Un conseil de classe (Chroniques d'un confinement II)

Avec la fermeture des établissements scolaires, nous avons dû faire les conseils de classe à distance.
Le moment est donc tout trouvé pour en parler comme je l'avais promis au début de l'écriture des Chroniques. 

D'abord, une précision : depuis le passage en dispositif, je ne suis officiellement plus professeur principal (je ne suis plus rétribuée pour ça), mais j'en remplis l'office quand même : je me charge des appréciations de pied de bulletin (c'est la synthèse des appréciations des enseignants), j'interviens pour mes élèves à chacun de leurs conseils et leurs orientations reposent essentiellement sur moi (grosse responsabilité dont, à ce jour, personne d'autre que moi ne veut)

Globalement les conseils se passent sereinement mais ils peuvent être ponctuellement des moments douloureux :
- je connais mes élèves par cœur (aucun enseignant ne les a comme moi 12 heures par semaine), je prends donc logiquement très à cœur ce qui est dit sur eux. J'ai du mal à accepter un regard étriqué (mais qui est logique puisque mes collègues ne les voient pas autant que moi) et dois me raisonner fortement pour ne pas parfois aller à la querelle.
- la majorité de mes collègues ne différencie pas, mettant les allophones dans des difficultés certaines. Cela me révolte mais : même si c'est la loi et qu'ils ont l'obligation de le faire, ils ne sont pas formés à ça et différencier peut se révéler compliqué, comme je l'ai expliqué dans un précédent article.
- mes collègues n'ont pas compris le principe des inclusions : à part pour le Français avec moi, les Maths (je vais y revenir), l'EPS et les Langues (lorsqu'elles sont commencées avec les autres élèves ou qu'une différenciation s'opère pour une remise à niveau), les autres matières sont des matières de découverte. Elles ne sont pas le lieu d'une évaluation discriminante. Pourtant nombre de mes collègues évaluent les allophones comme les autres élèves, sans se soucier du caractère profondément injuste de cette pratique. J'ai vu des moyennes autour de 2, 3 ou 4 sur 20. Je n'interviens que lorsque le ou la collègue met 0, cela arrive au moins une fois par trimestre. Et je me fais violence : ce sont mes pairs, je me mets en difficulté relationnelle quand ça arrive.
Concernant les Maths, la même difficulté s'est posée : aux débuts du passage en dispositif, les élèves étaient inclus dans les niveaux de leur classe d'âge. Sans différenciation, c'était compliqué, pour les élèves (qui pour certains étaient pourtant excellents dans leur pays) mais aussi pour les enseignants. Il y a deux ans, ceux-ci ont demandé que soient allouées des heures pour faire des groupes de Maths pour les allophones. Depuis, cela se passe beaucoup mieux (mais c'est contraire au principe des inclusions de la circulaire)

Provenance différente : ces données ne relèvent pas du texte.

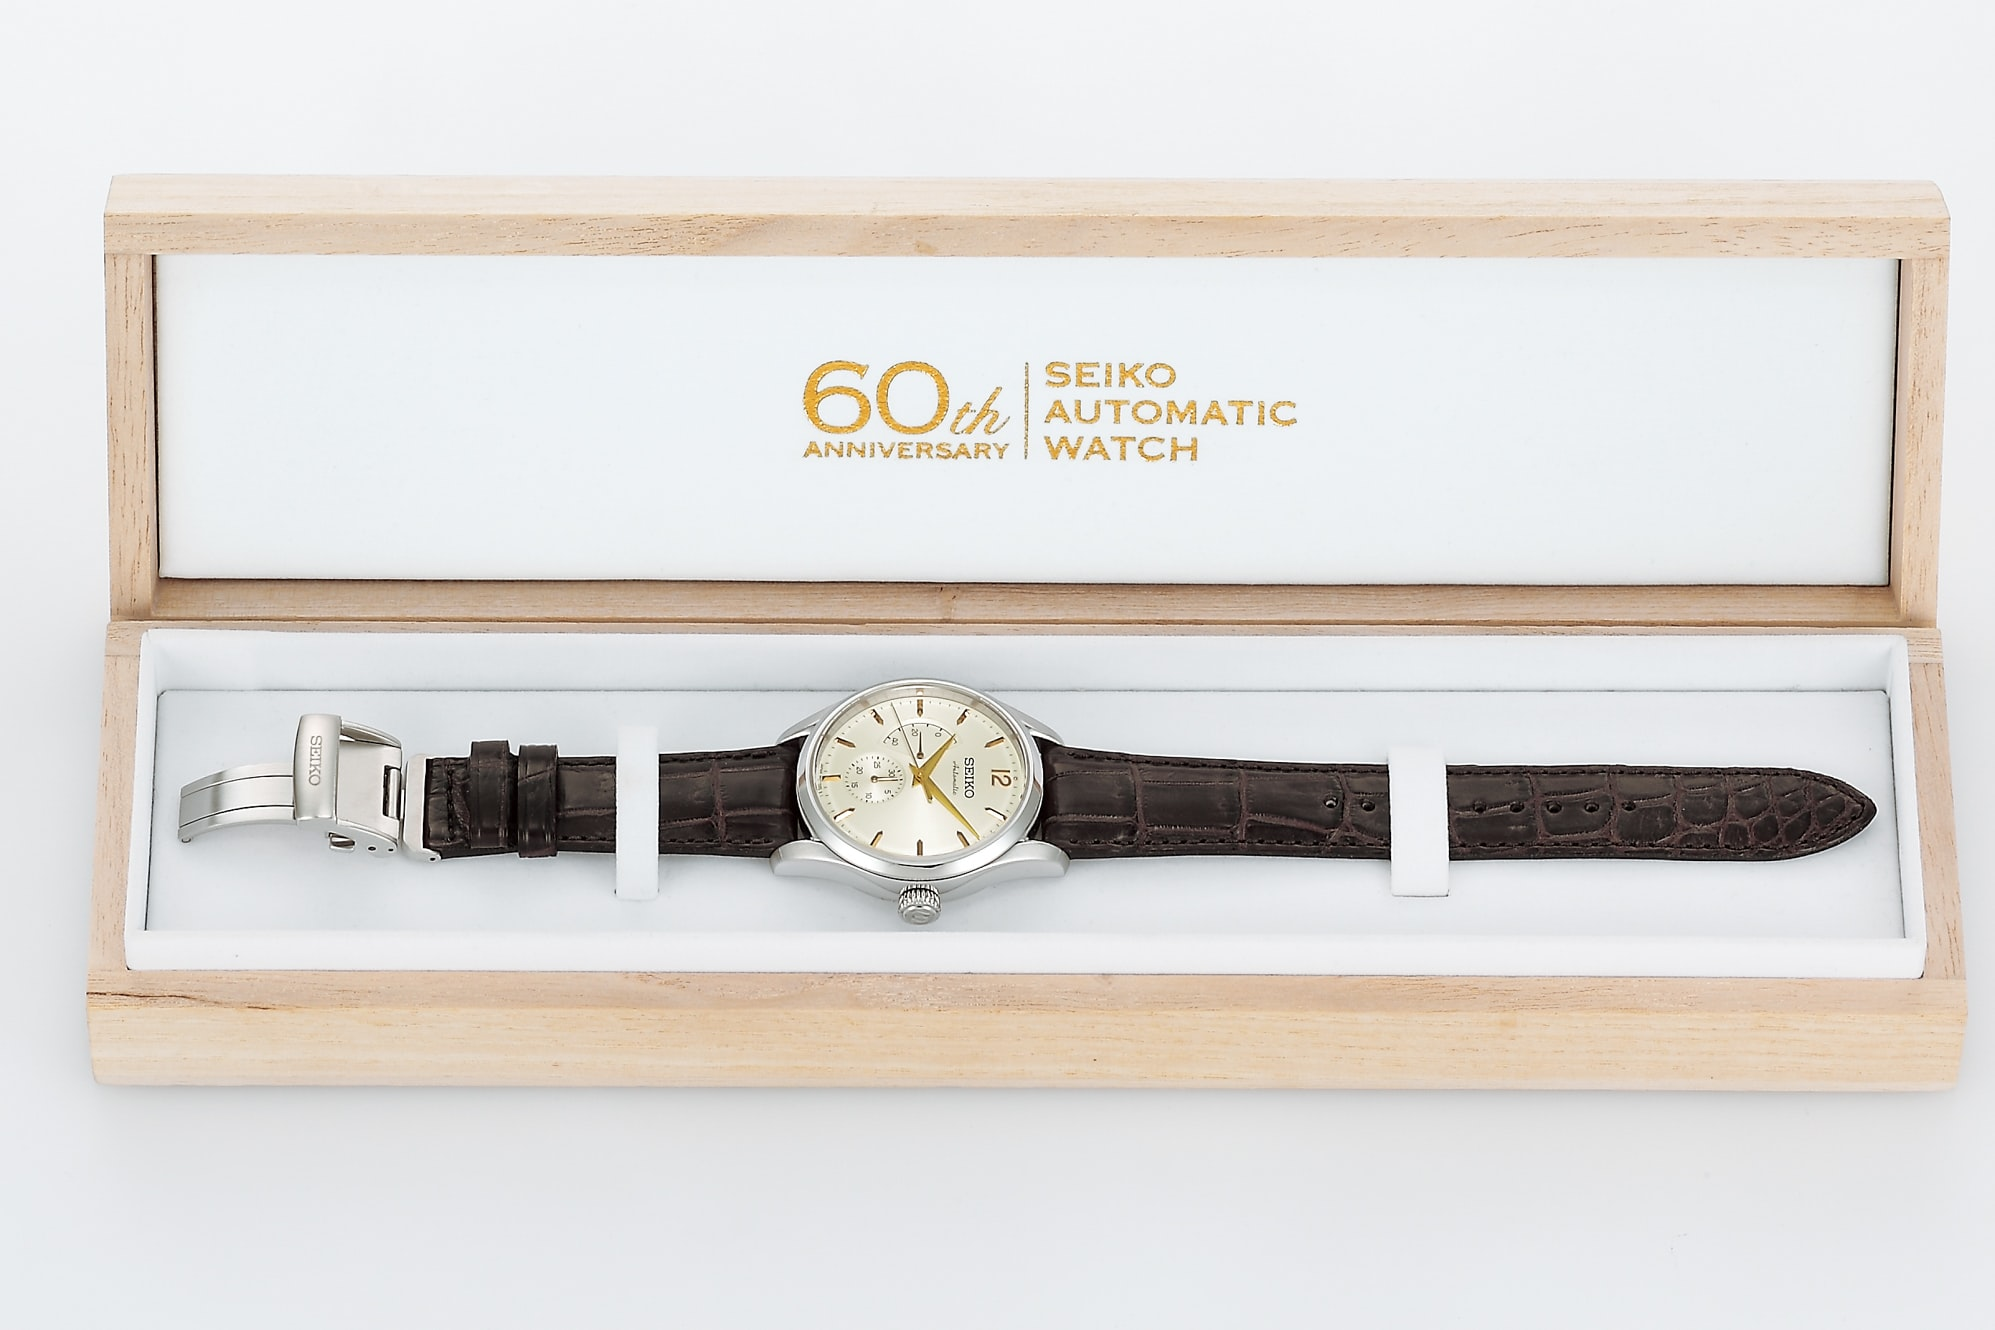 Seiko Presage Automatic 60th Anniversary Limited Edition, SARW027 box Introducing: The Seiko Presage Automatic 60th Anniversary Limited Edition, SARW027 Introducing: The Seiko Presage Automatic 60th Anniversary Limited Edition, SARW027 SARW027 box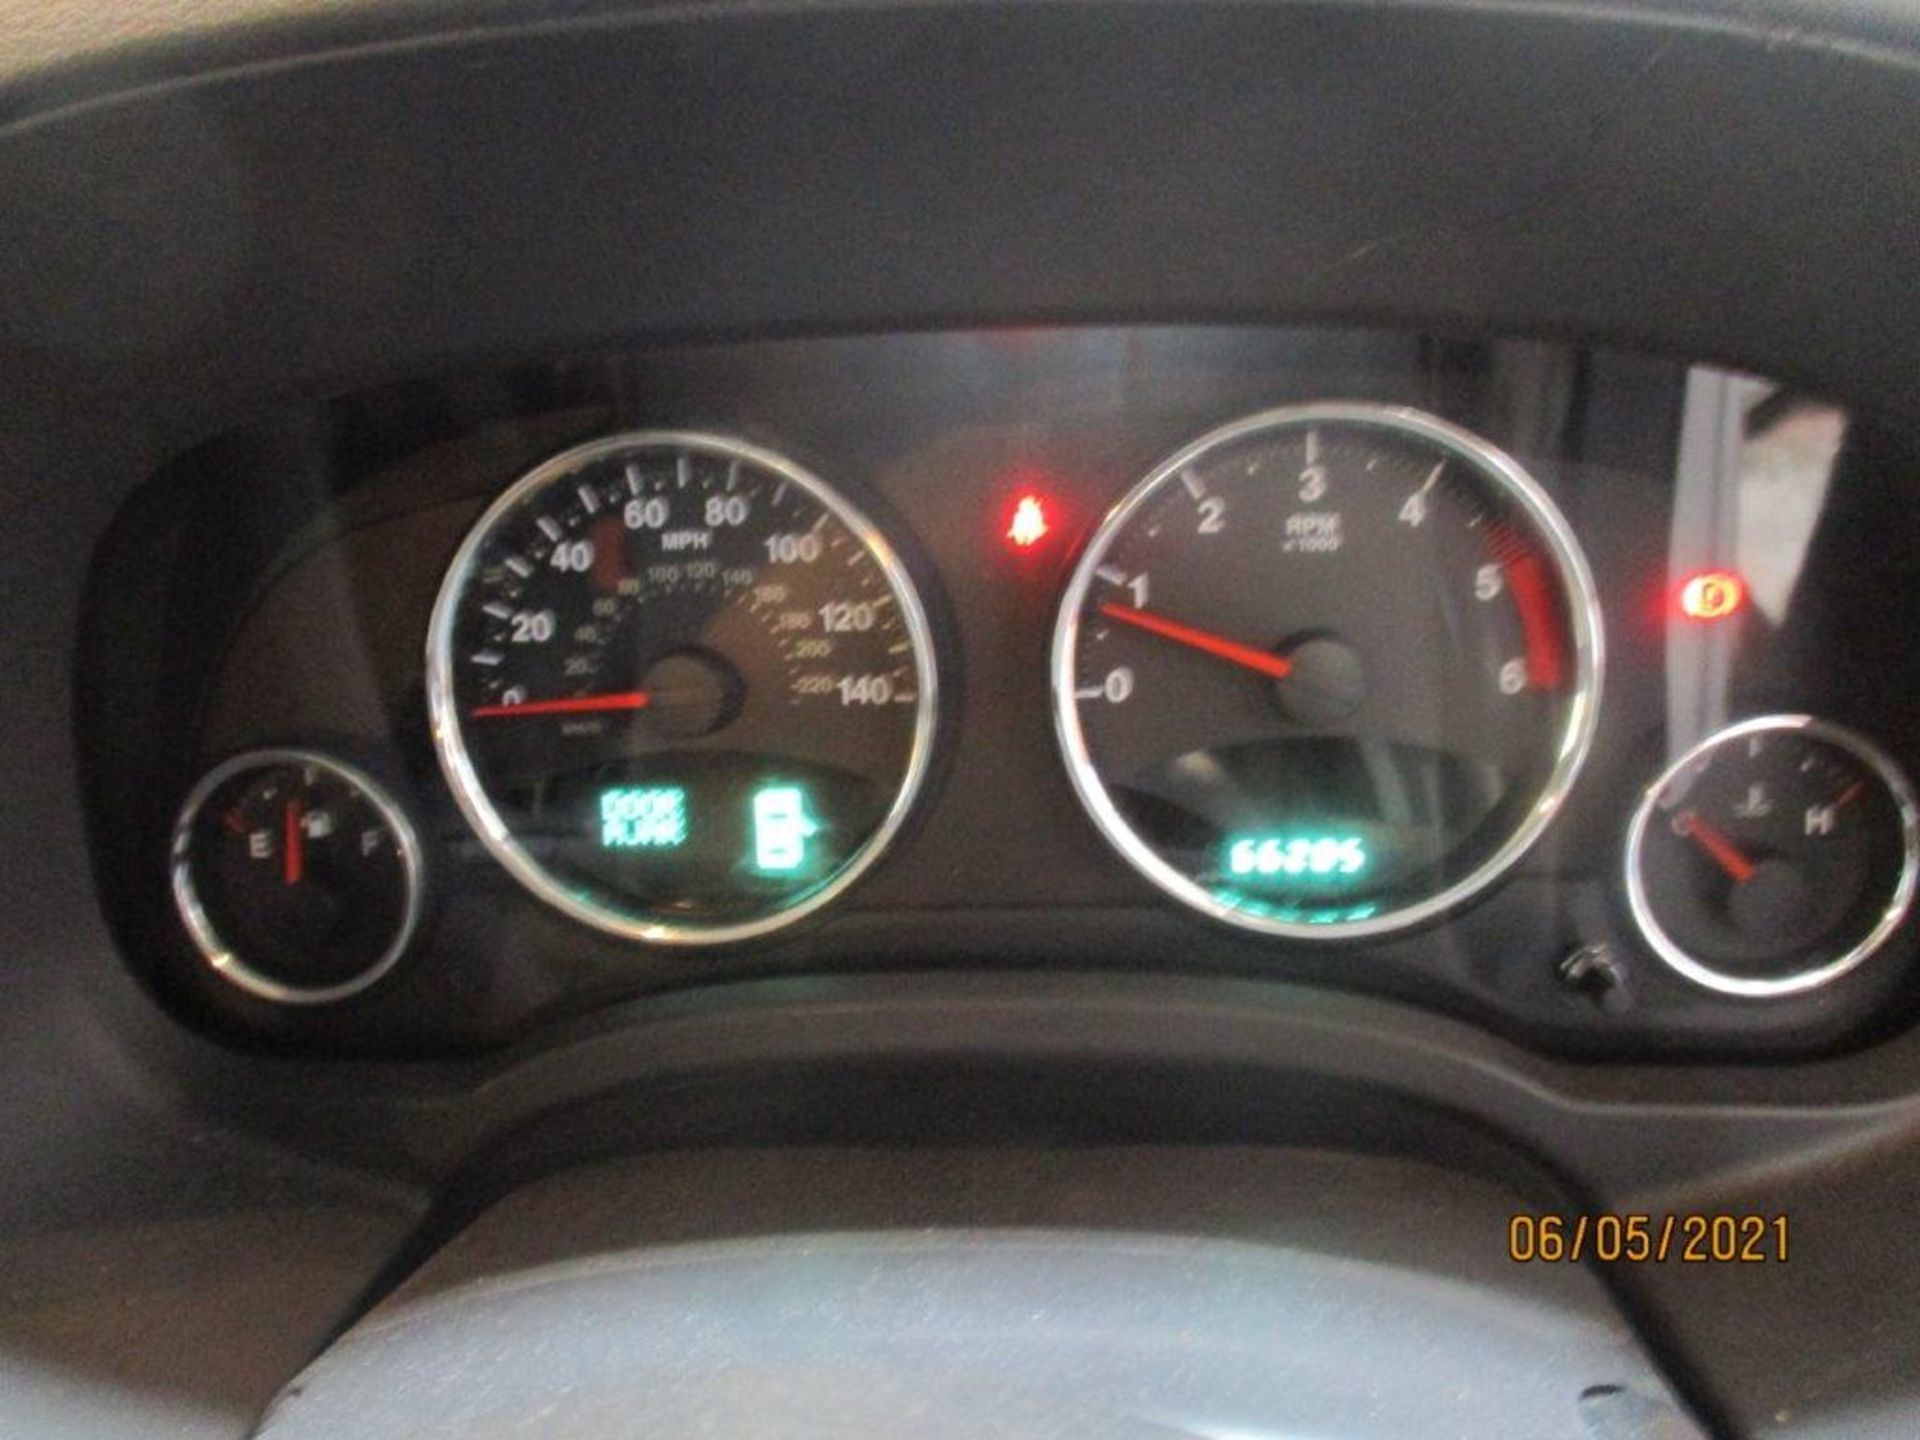 11 11 Jeep Patriot LTD CRD - Image 9 of 16

Hier, j'ai été mise en difficulté sur le cas d'une élève de 3ème.
Sur le fil de discussion Pronote l'enseignante d'Espagnol explique qu'il est "inenvisageable" pour elle que l'élève aille en lycée général, comme le demande la famille.
Je vais être franche, cela me met hors de moi : L. est arrivée en septembre de Finlande, c'est une élève hyper performante, très autonome et mature. Elle a été orientée en 4ème au vu de son âge mais au second trimestre a été incluse en 3ème car elle avait un très bon niveau de Maths et d'Anglais. Elle faisait jusque là de l'Italien. Lorsqu'elle arrive en 3ème, elle demande à faire de l'Espagnol. Ce qui signifie que l'enseignante qui s'oppose fortement à son passage la connait depuis trois mois, sur une matière qu'elle découvre alors que ses camarades la pratiquent depuis trois ans.
La collègue n'a pas compris que les matières d'inclusion sont le lieu de la découverte d'une nouvelle matière et non un moment d'empêchement. L. parle cinq langues, si au final elle ne parle pas l'Espagnol, ce n'est pas grave ! Et ce ne doit certainement pas être le prétexte d'une obstruction au passage en lycée...
J'ai répondu un peu trop vertement sur le fil de discussion, (j'ai usé du sarcasme, seul moyen que j'ai trouvé pour canaliser mon irritation), me suis pris une volée de bois vert d'autres collègues solidaires de la prof d'Espagnol (ses copines en fait). Fin de l'épisode.
Épisode toutefois révélateur des tensions inhérentes à notre mission en UPE2A : je ne suis jamais avec mes collègues contre les élèves, je suis avec mes élèves, parfois contre mes collègues. Et cette posture, qui m'est imposée par la situation, est proche de l'intenable.